Aha! i understood that. It seems to work for every question !
I will look up for a proper result though.
But,Thank you very much, i highly appreciate your help.

suppose that |a| = 4, and |b| = 10.

since G is abelian: (ab)² = (ab)(ab) = a(ba)b = a(ab)b = (aa)(bb) = a²b².

an induction proof shows (ab)ⁿ = aⁿbⁿ.

thus (ab)²⁰ = (a)²⁰(b)²⁰ = (a⁴)⁵(b¹⁰)² = e⁵e² = ee = e.

thus |ab| divides 20. since |a| ≠ |b|, b ≠ a^-1 (which has the same order as a), so |ab| ≠ 1.

now (ab)⁴ = a⁴b⁴ = eb⁴ = b⁴ ≠ e, since |b| = 10. so |ab| ≠ 4.

similarly, (ab)¹⁰ = a¹⁰ = a² ≠ e, so |ab| ≠ 10.

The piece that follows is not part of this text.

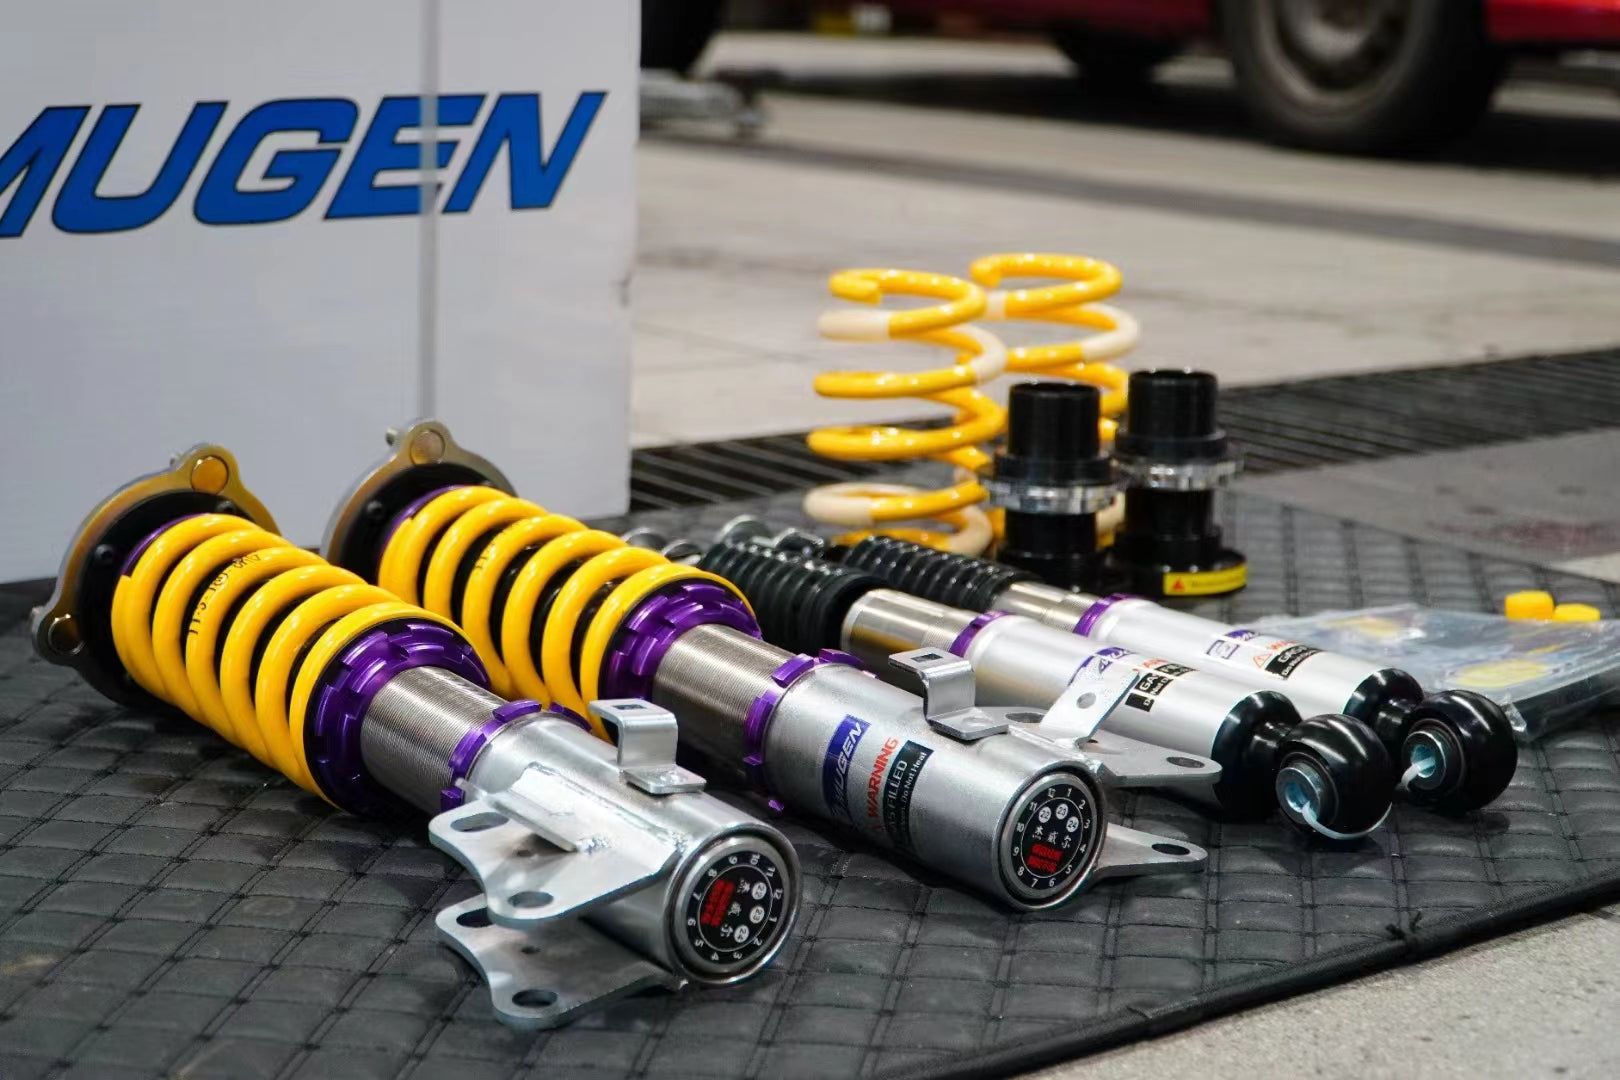 Gd Mugen Mazda Mazda6 03-up Gg3s/gg3p Street Comfort Pro Coilovers
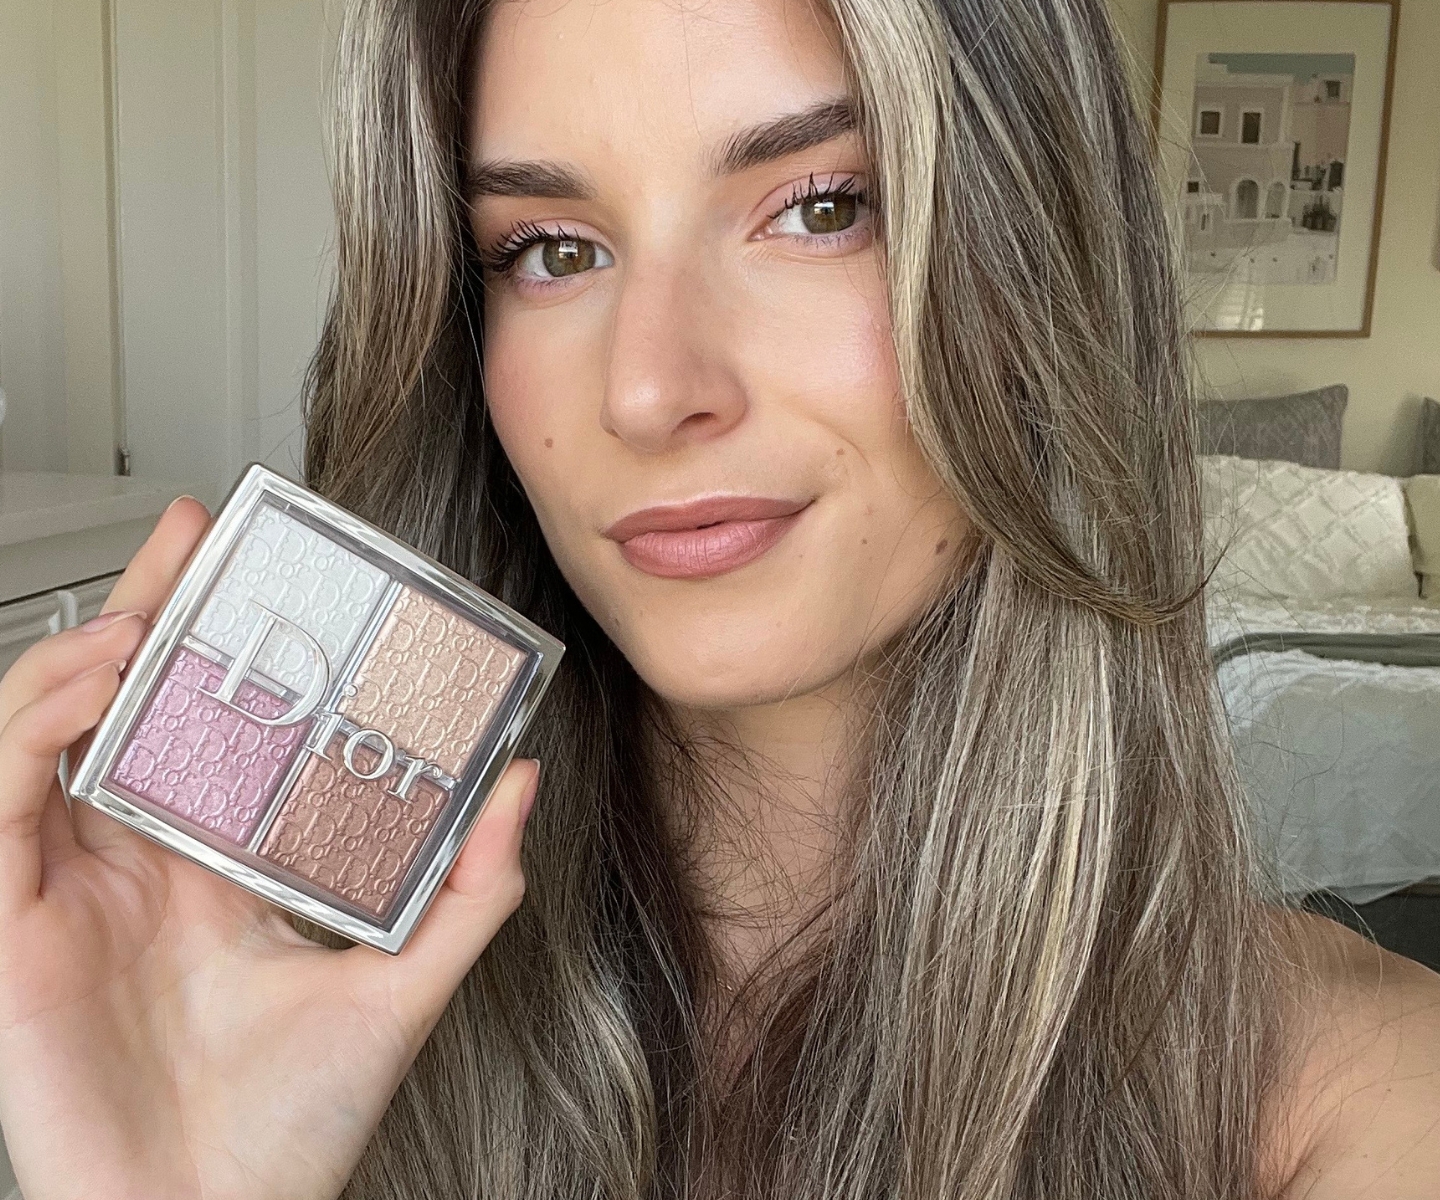 I'm a Makeup Artist & Here Are 5 DIOR Products That Are 100% Worth the Hype

thus we are left with: |ab| = 2,5 or 20.

if |ab| = 2, this means a²b² = e, so that a⁴b² = a², that is:

b² = a², and therefore b⁴ = a⁴ = e, contradicting |b| = 10.

if |ab| = 5, then a⁵b⁵ = ab⁵ = e, whence a = b⁵, so that:

a² = b¹⁰ = e, contradicting |a| = 4.

so the only possibility left is |ab| = 20, as no lower divisor of 20 can possibly be the order of |ab|.

in general, for ABELIAN groups (only), if <a>∩<b> = {e}, then indeed, |ab| = lcm(|a|,|b|) in an abelian group (the proof in the general case is pretty much that same:

clearly ab^lcm(|a|,|b|) = e, and if d|lcm(|a|,|b|), with (ab)^d = e,

then a^d = b^|b|-d, so that a^d is in <a>∩<b> and thus equals {e}, so that |a| divides d,

and similarly |b| divides d, so that lcm(|a|,|b|) also divides d, so that d = lcm(|a|,|b|).

the important thing is that <a> and <b> only intersect in {e}, for example:

if b = a^-1, then |ab| = 1, even though lcm(|a|,|a^-1|) = |a|).